I’d love it if you would share this newsletter with a few people in your lives who understand the value of storytelling in growing empathy. And, free subscribers, if you’re able to, please upgrade to paid, as it helps sustain my ability to keep telling these important stories.

Dane Hansel needs a place to live.

The 19-year-old autistic young man loves all things active — things like swimming, bike-riding, and running.

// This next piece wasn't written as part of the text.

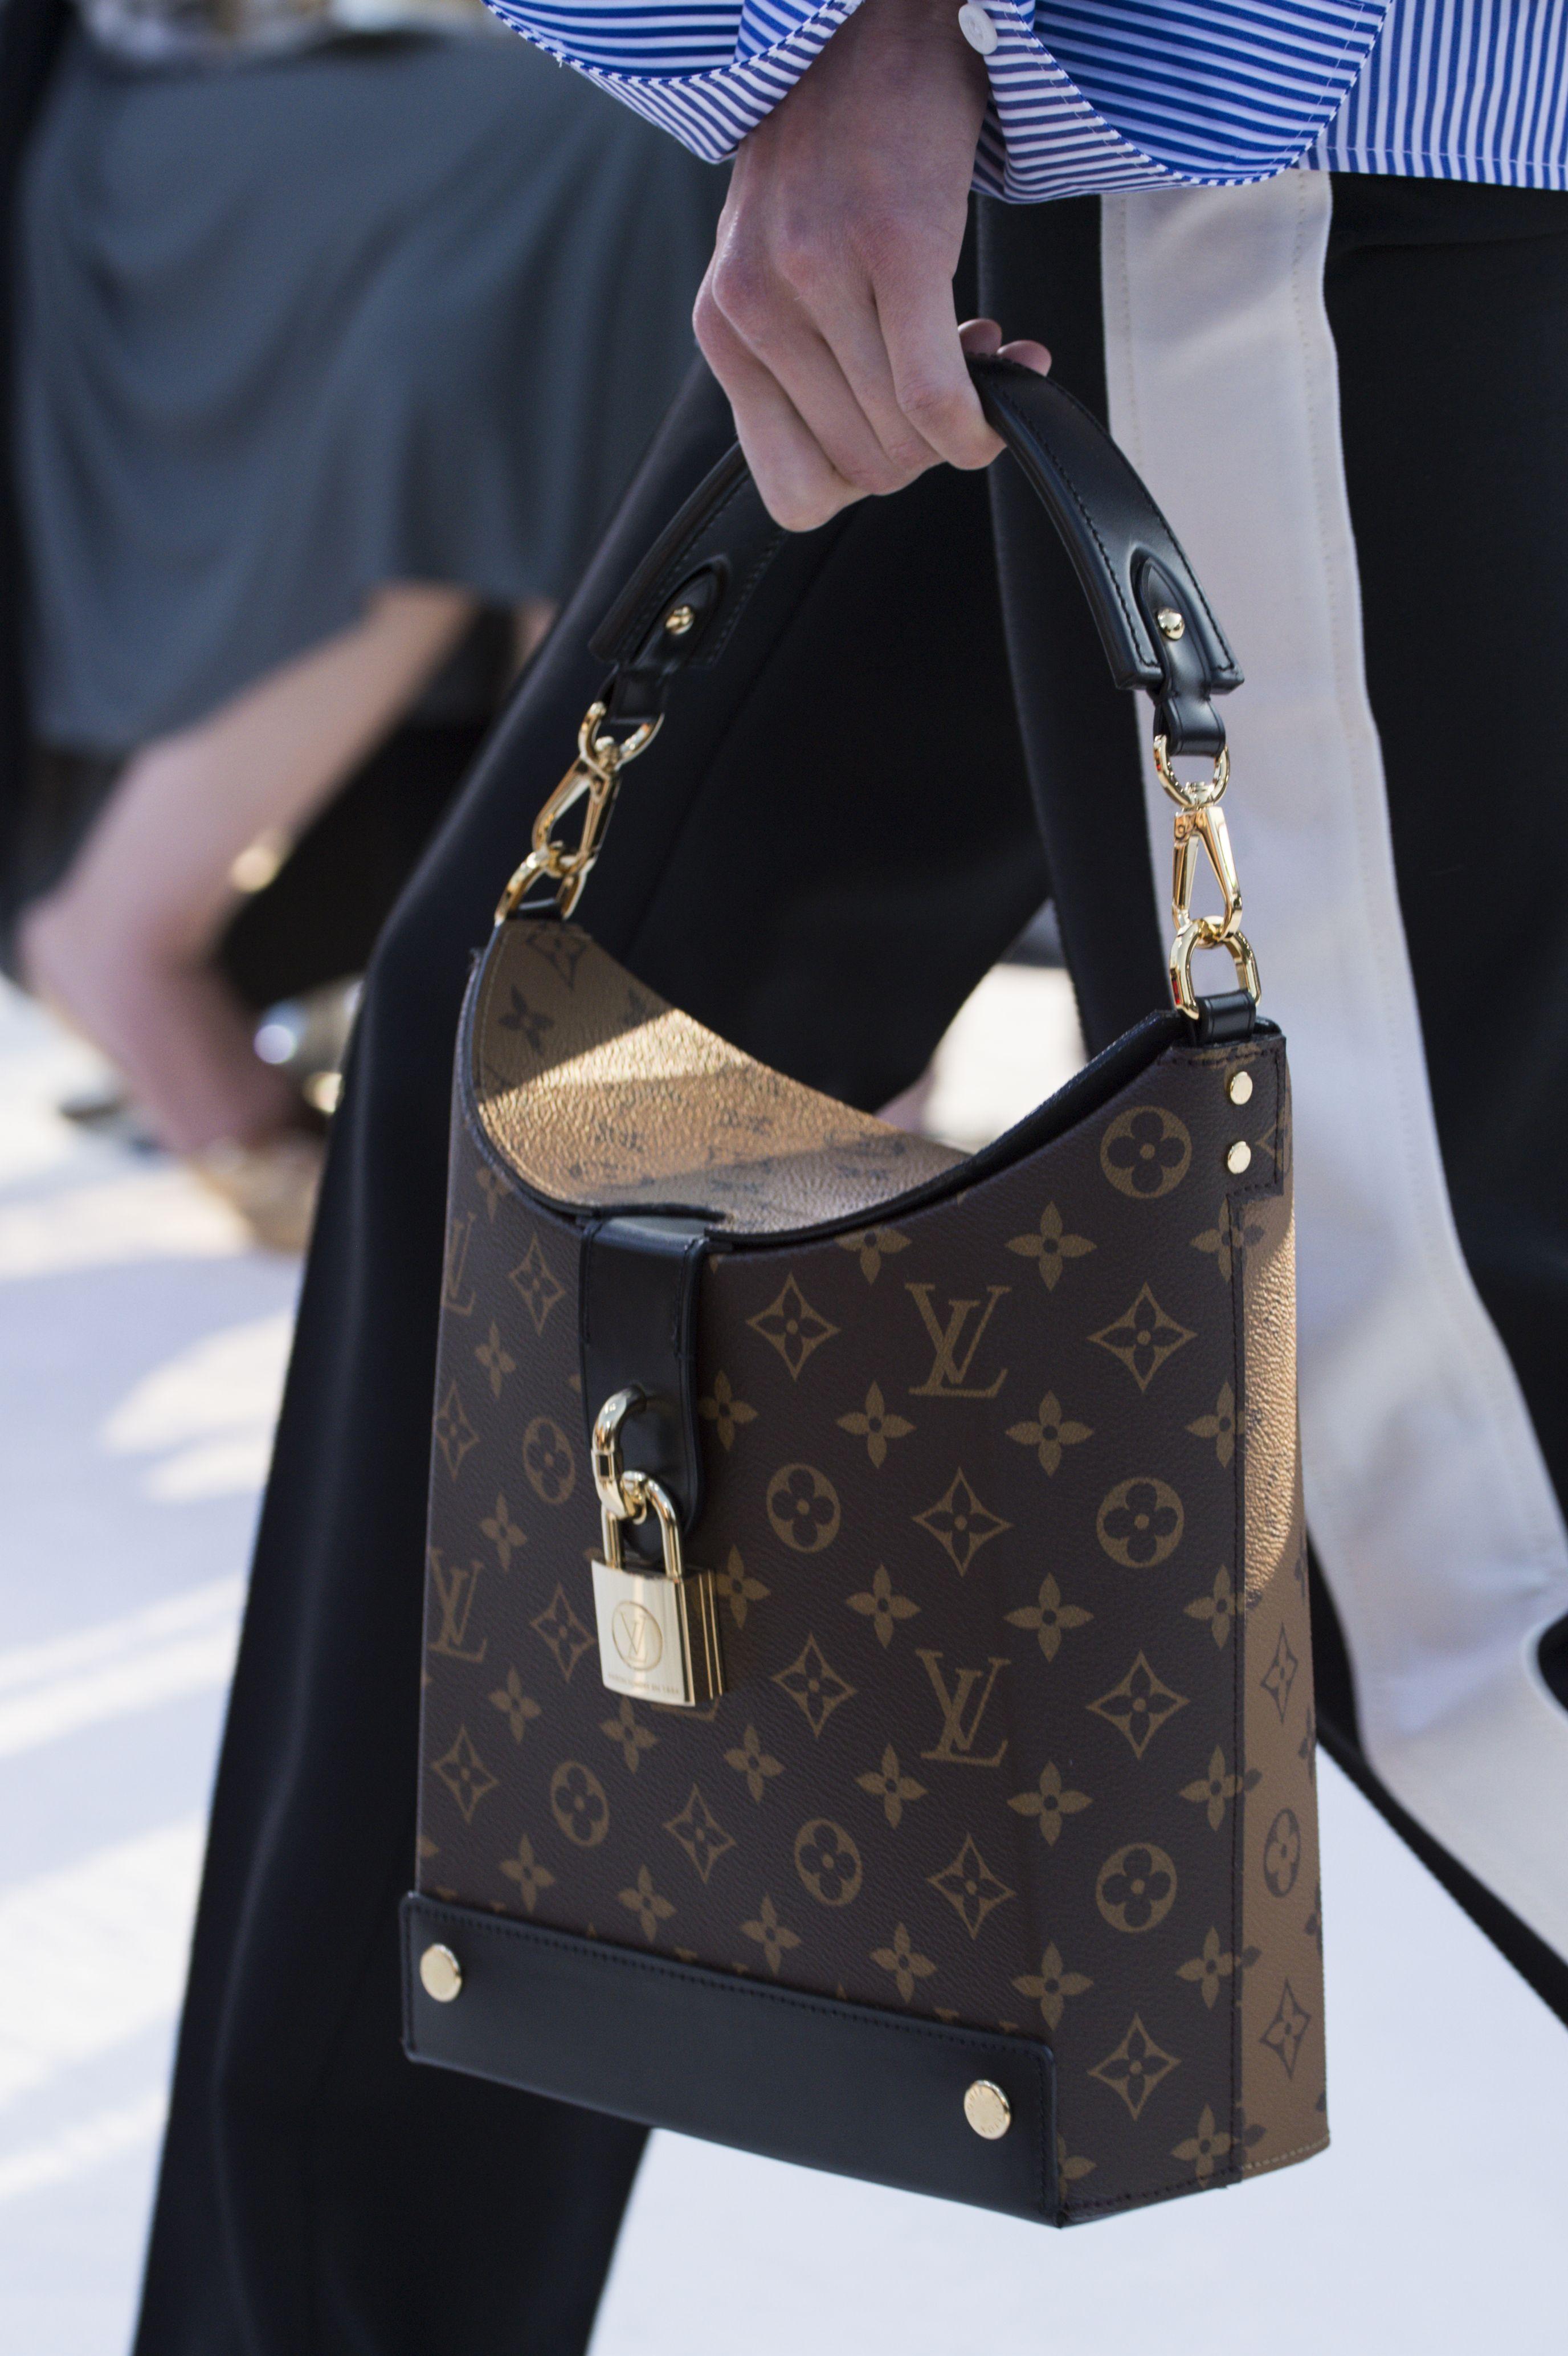 louis vuitton cruise 2017 bags. a closer look at bag from the louis vuitton cruise 2018 fashion show by nicolas 2017 bags p

His mom, Amy Hansel, says Dane doesn’t like many indoor activities like playing with toys, games, or watching TV; he “likes to be outside, and if he could just be outside and play as long as he wanted, he would be so much happier.”

But Dane has several challenges which make it difficult for him to be in the environment that would make him happiest, doing the activities he needs in order to thrive.

He can’t be outside without a fenced-in yard because, according to his mom, “he’ll elope” — a word used within the autism community to describe people who run away or leave the safety of their surroundings without permission.

Although Dane was diagnosed with autism early in his life after he stopped talking when he was around 2 years old and was in early intervention programs such as Birth-to-3 and then preschool, Amy said “he started having behaviors around the age when kids are wanting to talk more and he started to get aggressive.”

Dane is also nonspeaking, and won’t use the communication devices he’s used in the past. Part of that regression came “when COVID hit and he went downhill very fast.” At the time, Dane was a young teenager, and the change in routine when school shut down threw his world off-kilter. Amy said Dane “would get dysregulated every day and had a lot of challenges.”

Dane has been in and out of behavioral clinics (and hospitals when he’s had to be admitted due to crises), but those are all temporary living situations. What he really needs is a place to live with 24/7 supervision, where he’s free to be active and outside as much as possible without fear that he’ll run away.

Amy has been searching for such a place for years, and when she couldn’t find one suited to Dane’s needs, she decided to build her own.